Task item
Leaving out each picture, transcribe the lines of the listing below exactly from the first through the line that contains "Fleckgeschützte Tischdecke Weiß".

Dataset extract
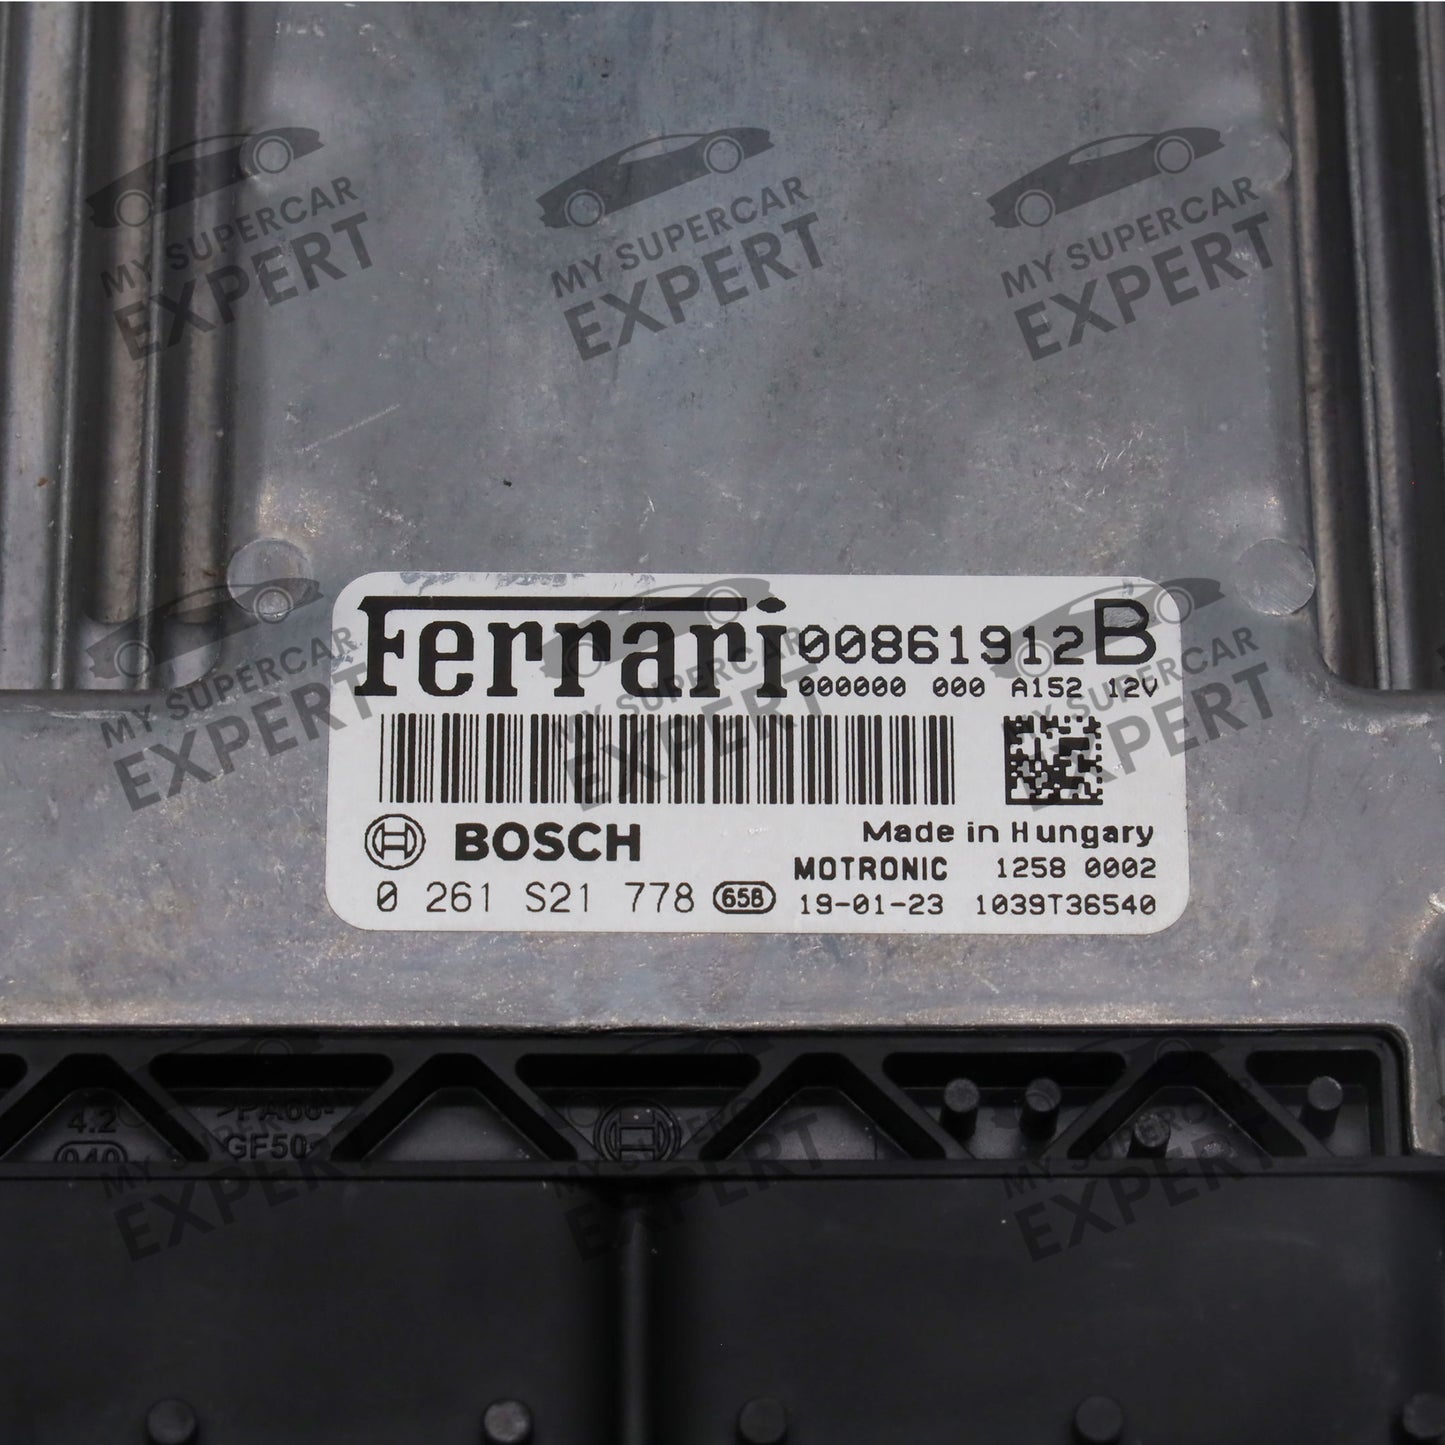 Ferrari 488 (F142M) F8 (F142MFL) 812 (F152M) GTC4Lusso (F151M) Portofino (F164) SF90 (F173) 2015-2023 Bosch MED17.3.5 ECU 00861912B 0261S21778 nuevo
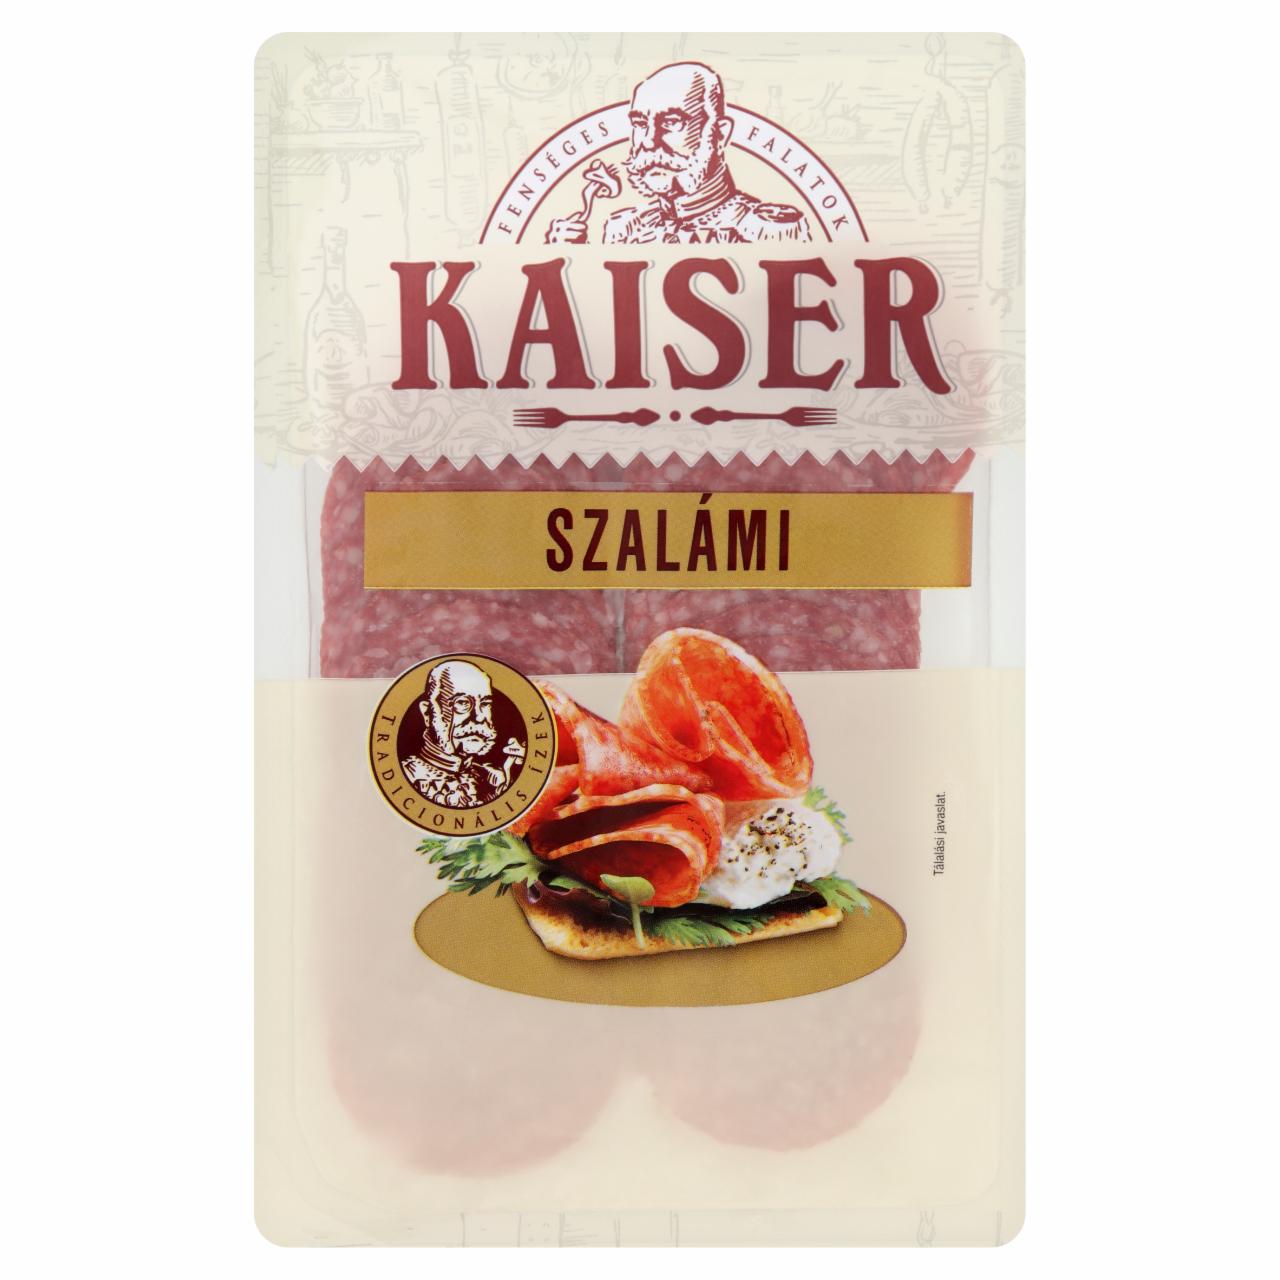 Képek - Kaiser csemege sertés szalámi 75 g
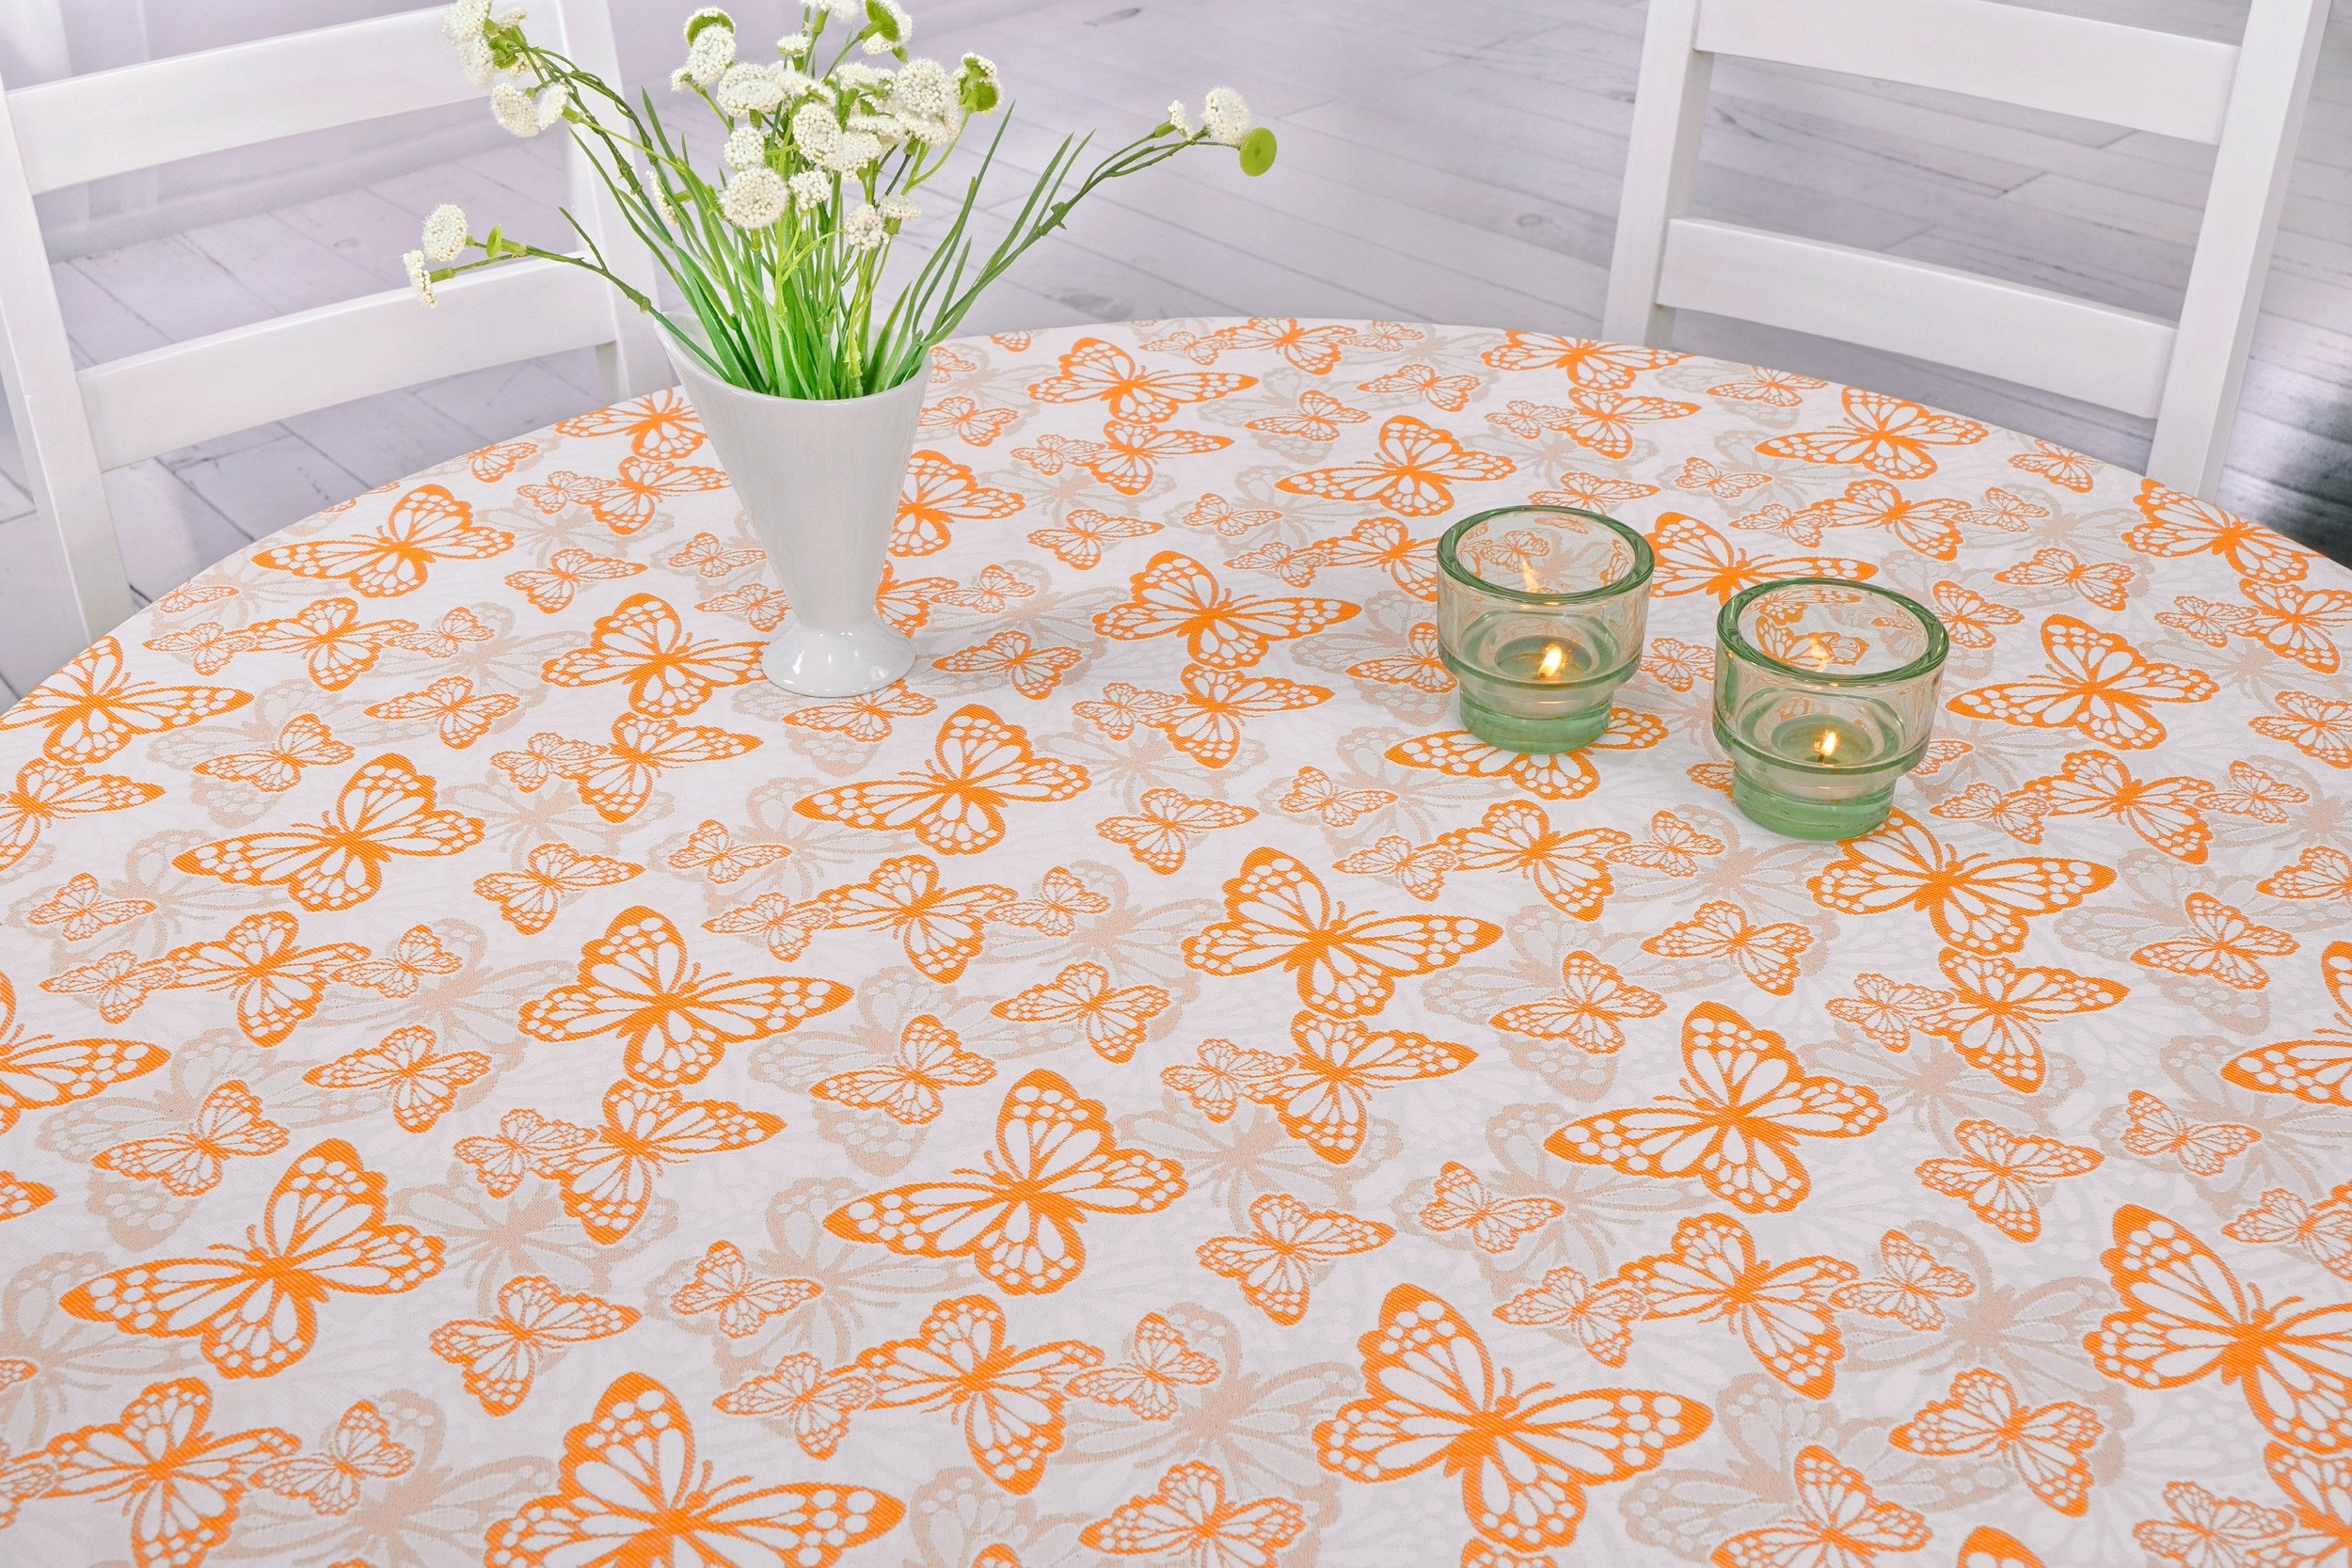 Fleckgeschützte Tischdecke Weiß Orange Muster Springtime Breite 130 cm OVAL
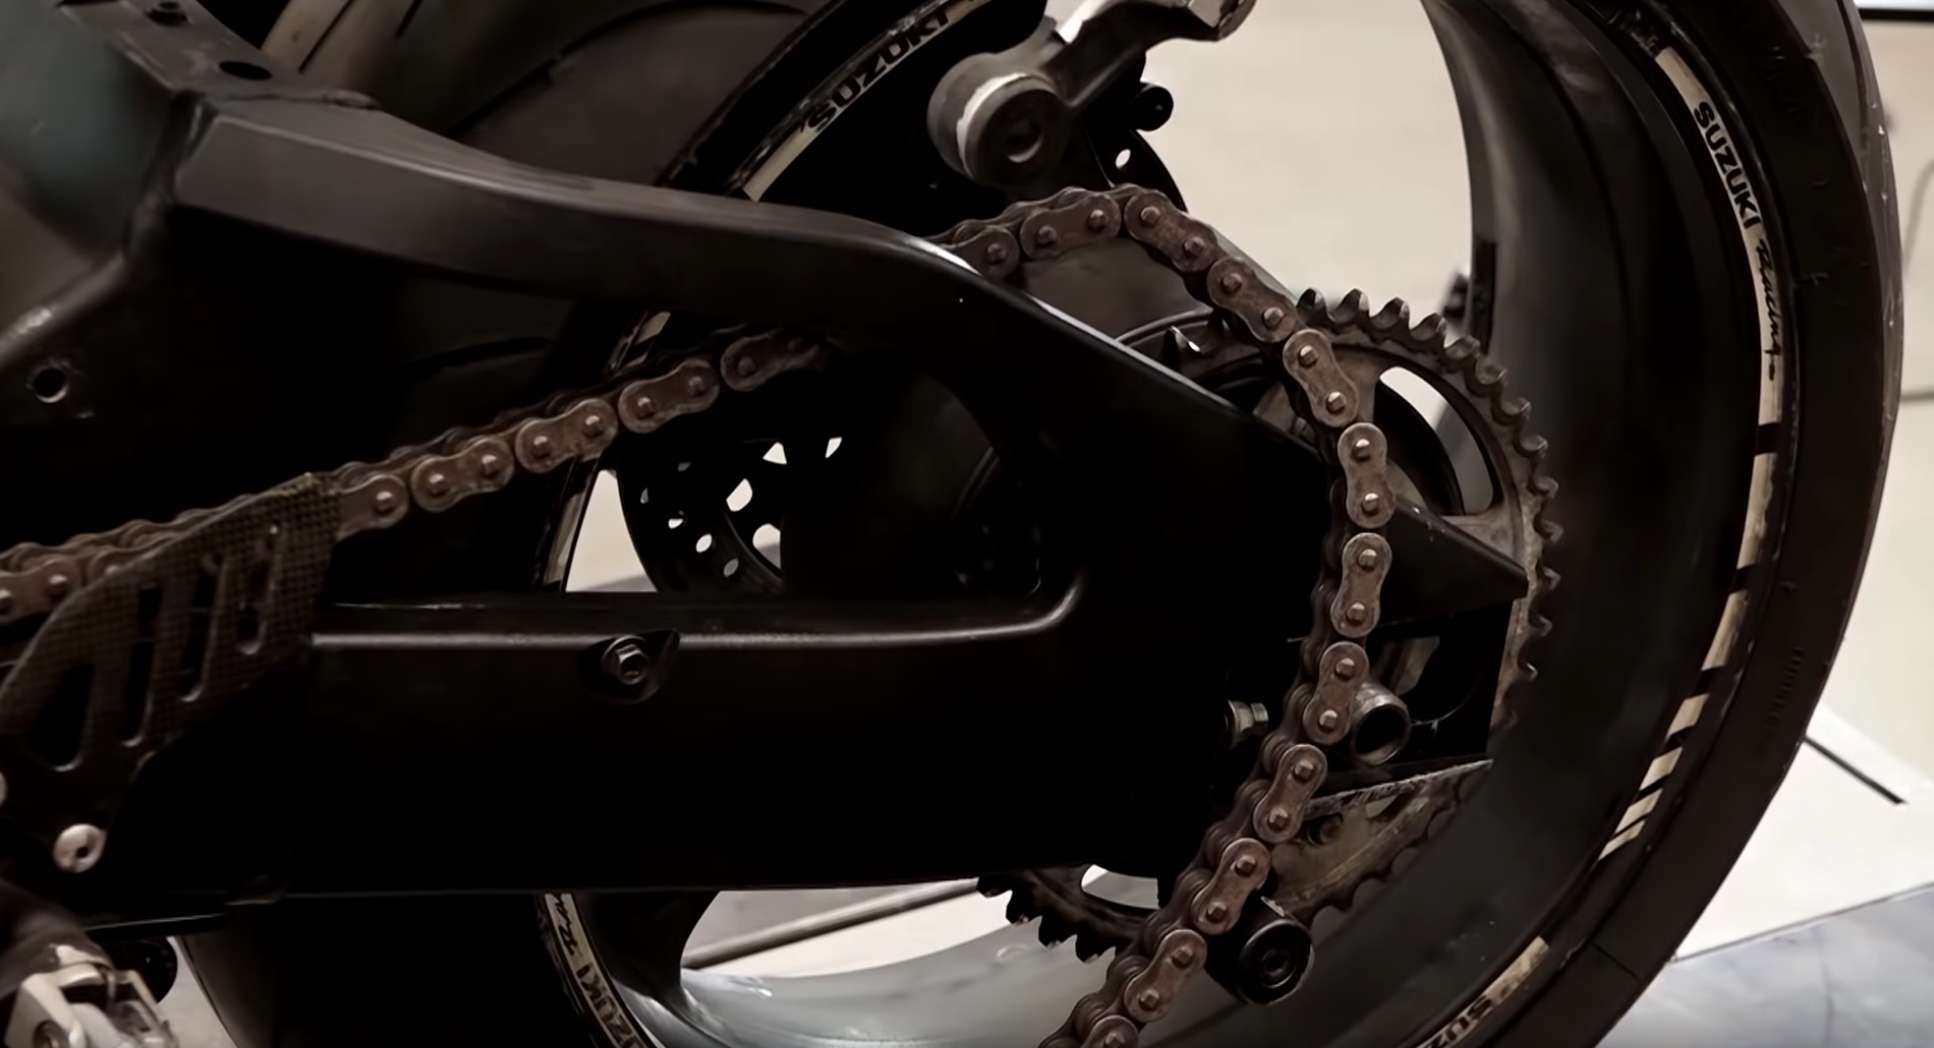 Suzuki motorcycle rear wheel bearing removal

Expected answer
 Ferrari 488 (F142M) F8 (F142MFL) 812 (F152M) GTC4Lusso (F151M) Portofino (F164) SF90 (F173) 2015-2023 Bosch MED17.3.5 ECU 00861912B 0261S21778 nuevo
 Képek - Kaiser csemege sertés szalámi 75 g
 Fleckgeschützte Tischdecke Weiß Orange Muster Springtime Breite 130 cm OVAL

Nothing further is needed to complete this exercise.